Virtual Reality uses an artificial environment that is presented to the user in such a way that the user suspends disbelief and accepts it as a real environment. VR can be very useful in training the construction workers about the impact of a mistake. Once they put on their VR headsets, they get immersed into their construction site and experience it and, consequently, recognize its loopholes and potential accident spots.
You may have heard about Microsoft’s HoloLens which has taken the tech world by storm. It uses an experience called Mixed Reality (MR) — a sort of “hybrid” environment, where interactive virtual objects can be mapped to the physical environment, blending the real and the virtual.

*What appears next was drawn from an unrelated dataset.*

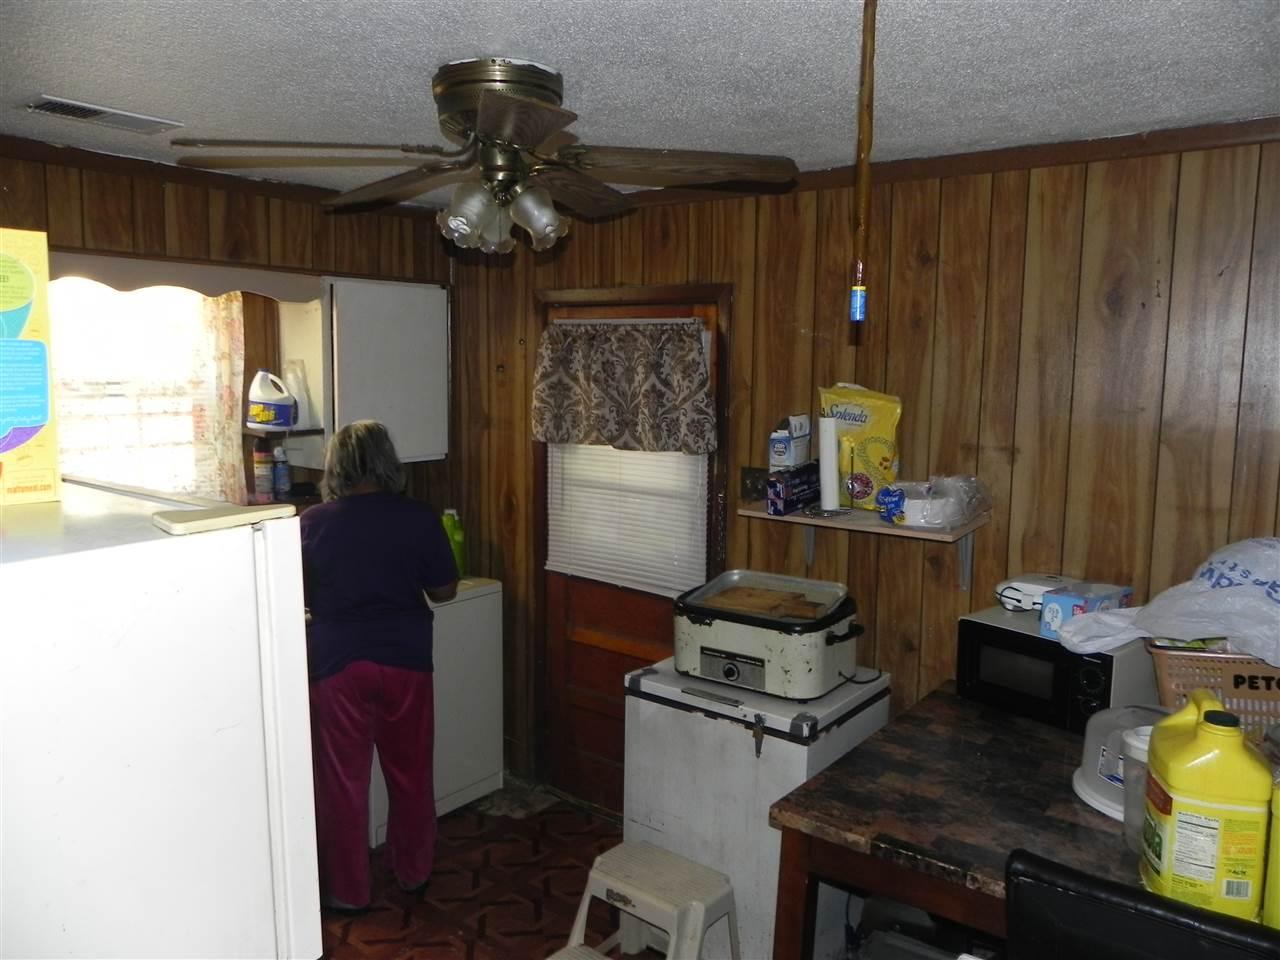 2849 Choctaw Memphis, TN 38114 - MLS #: 10009846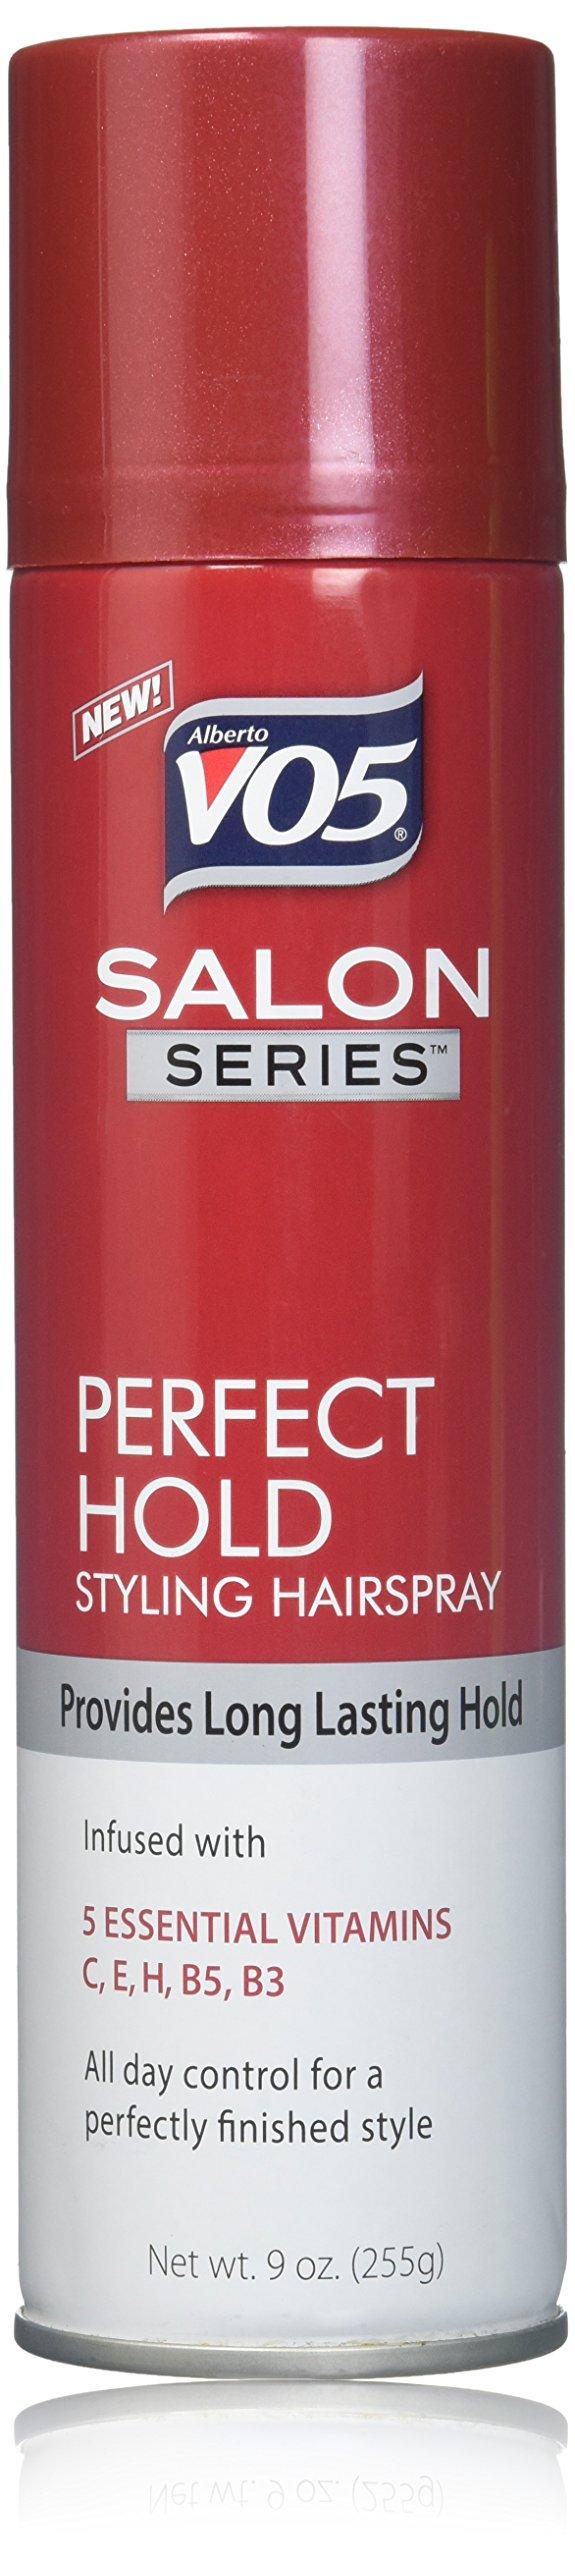 VO5 Salon Series Perfect Hold Aerosol Hair Spray, 9 oz

MR goes a step beyond AR because users can interact in real-time with virtual objects that are placed within the real world. These virtual items will respond and react to users as if they were actual objects. So if I am training the frontline staff how to make coffee at their store, using MR I can create a virtual Coffee Maker in which the staff can put the coffee beans (with MR headsets on) as if they were for real. This is an interesting concept, touted as the future of hands-on training.
Adding gaming elements in training programs can motivate the workers to diligently complete the training and understand how to avoid critical mistakes. It is important to make them feel intrinsically motivated to learn the safety measures and use them diligently. Coins, rewards, and challenges can only be considered as aids to their learning solutions, but what could help them is knowing what can go wrong and how to avoid it. Your training should not undermine the consequences of a mistake, but it should give them an experience where they learn from their failures. Your training needs to be the safe zone where they can make as many mistakes as they can, because once they go out in the real site, there aren’t any safe zones!